“Tengo que ser psicópata para vivir bien en un mundo horrible”: la profunda reflexión de Paulina Cocina que se volvió viral
Paulina Cocina se convirtió en tendencia en las redes sociales luego de compartir, a través de un video en sus plataformas, una reflexión sobre el impacto emocional de la crisis económica y social argentina. La influencer gastronómica se sinceró sobre cómo procesa esa realidad pese a atravesar un buen momento profesional y financiero.
“A mí la vida me trata bien, lo que no implica que no esté angustiada por cómo está la cosa. Ustedes me dirán que me va bien con mi trabajo, sí, pero tengo que ser psicópata para vivir bien en un mundo horrible y sentirme feliz”, expresó la creadora de contenido en el fragmento que se volvió viral.
Con un discurso directo y sin rodeos, Paulina puso en palabras una contradicción que atraviesan muchas personas con estabilidad económica: la dificultad de sentirse plenamente bien mientras gran parte de la sociedad enfrenta un contexto de creciente incertidumbre.
La frase no tardó en replicarse de forma masiva en X (ex Twitter) y en otras redes digitales, donde acumuló miles de reproducciones, “me gusta” y comentarios en pocas horas.
Un debate que encendió las redes sociales
El video generó una ola de comentarios que coincidieron con la mirada de la influencer sobre el panorama actual. Muchos usuarios destacaron la empatía del mensaje y lo pusieron en discusión con sus propias experiencias cotidianas.
Entre las publicaciones que más repercusión tuvieron en X se destacaron las siguientes:



La repercusión del video escaló rápidamente y superó el círculo habitual de seguidores de la cocinera, alcanzando a usuarios que no suelen consumir su contenido gastronómico pero se sintieron identificados con la reflexión.

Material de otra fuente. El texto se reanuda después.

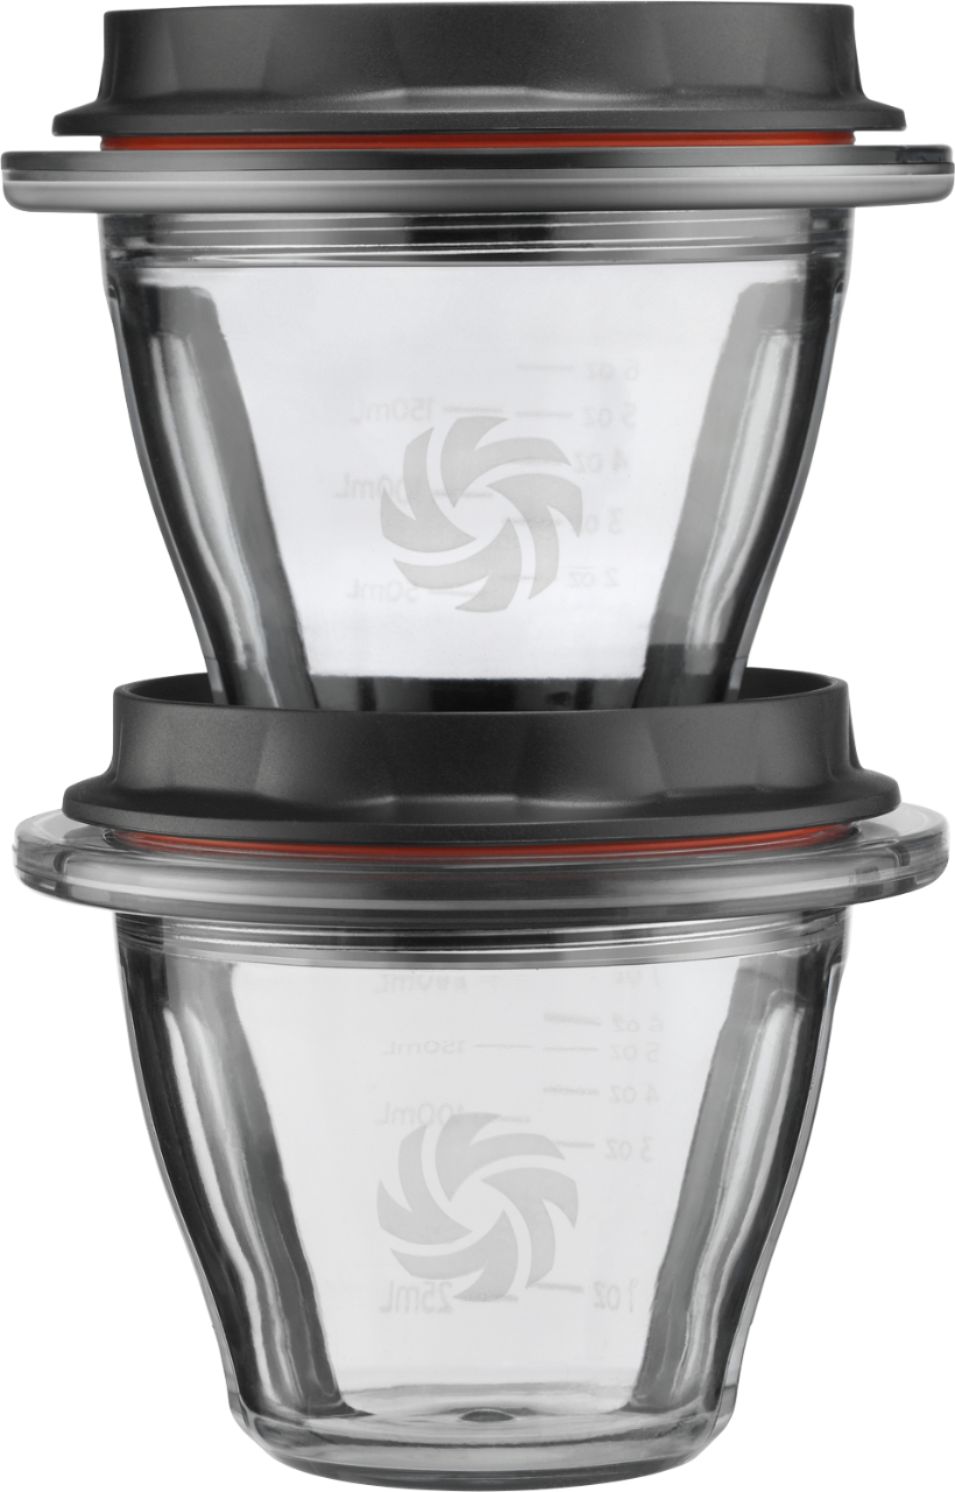 Blending Bowls Accessory for Vitamix Ascent Series Blenders - Black/Clear
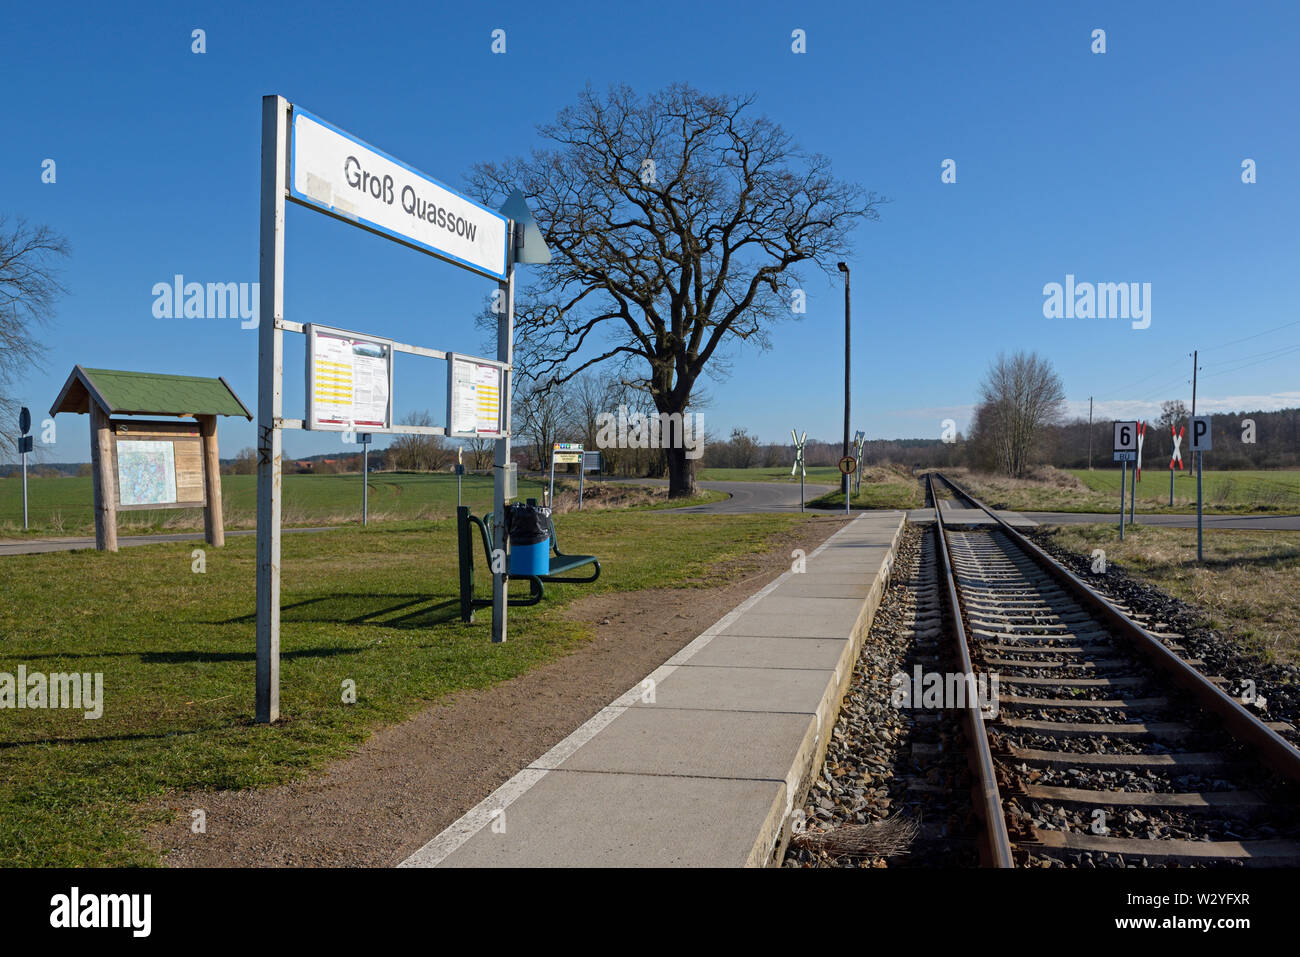 Piccola stazione ferroviaria, aprile, Gross Quassow, Meclenburgo-Pomerania Occidentale, Germania Foto Stock

Salud mental, privilegio y empatía: un debate recurrente
El testimonio de Paulina Cocina reabrió una discusión que se repite en las redes cada vez que una figura pública con buen pasar económico habla de la crisis: la tensión entre el privilegio individual y la empatía colectiva frente a un contexto adverso.
Para buena parte de los usuarios que reaccionaron al video, la frase logró sintetizar una sensación compartida: la posibilidad de estar bien personalmente sin dejar de sentir angustia por lo que atraviesan quienes están alrededor.
El alcance que tomó el mensaje, en pocas horas y en distintas plataformas, volvió a poner de manifiesto el peso que tienen hoy las voces de los creadores de contenido en el debate público sobre la actualidad económica y social del país.